Re: Resizing a view to match the main NSWindow size?
Re: Resizing a view to match the main NSWindow size?
- Subject: Re: Resizing a view to match the main NSWindow size?
- From: Graham Reitz <email@hidden>
- Date: Sun, 25 May 2008 23:19:23 -0500
Thanks Eric. I have a CustomOpenGLView example that I downloaded from
the apple development site (http://developer.apple.com/samplecode/Custom_Cocoa_OpenGL/listing5.html
).
Hopefully that has what I am looking for.
Use NSOpenGLView. It's whole reason to exist is to simplify setup
and use of OpenGL in a Cocoa application. Why on earth would you
assume you don't want to use NSOpenGLView ?
For Knowledge and a deeper understanding of how this works. That's
usually a good reason and lauded in some circles.
I really don't mind doing it the 'painful' way (according to some
folks). I've been doing it that way for over 15 years in the c++ world.
I have not done any OpenGL programming and very little gui development
and just started obj-c programming this weekend.
-graham
On May 25, 2008, at 11:02 PM, Erik Buck wrote:
Use NSOpenGLView. It's whole reason to exist is to simplify setup
and use of OpenGL in a Cocoa application. Why on earth would you
assume you don't want to use NSOpenGLView ?

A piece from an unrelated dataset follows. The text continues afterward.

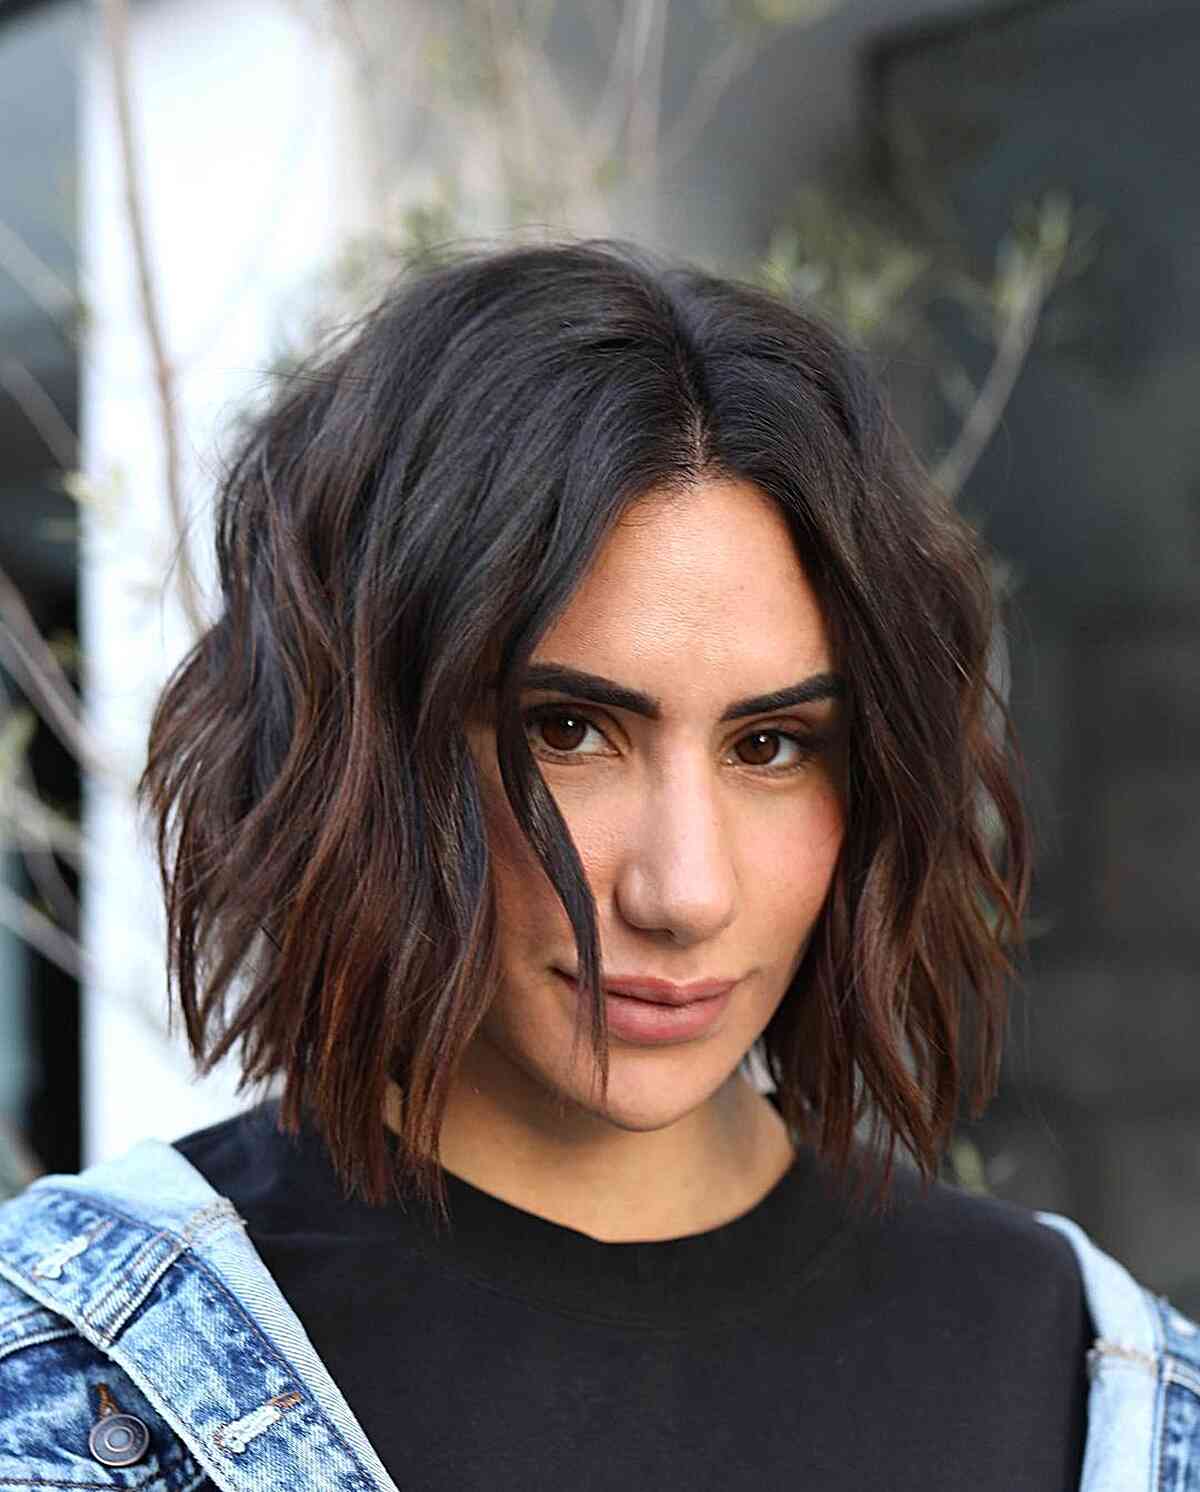 Chin-Length Textured and Choppy Bob with a Middle Part

You see garbage after resizing the window because openGL has a fixed
size frame buffer at the time the context is created. When the
window is resized, the frame buffer isn't automatically increased so
it doesn't contain any data in the newly revealed area of the
window. One of the advantages of NSOpenGLView is that it handles
the frame buffer resize.
If you handle this yourself, you will have to replace or update the
opengl context. Apple provides an example of doing it the hard way.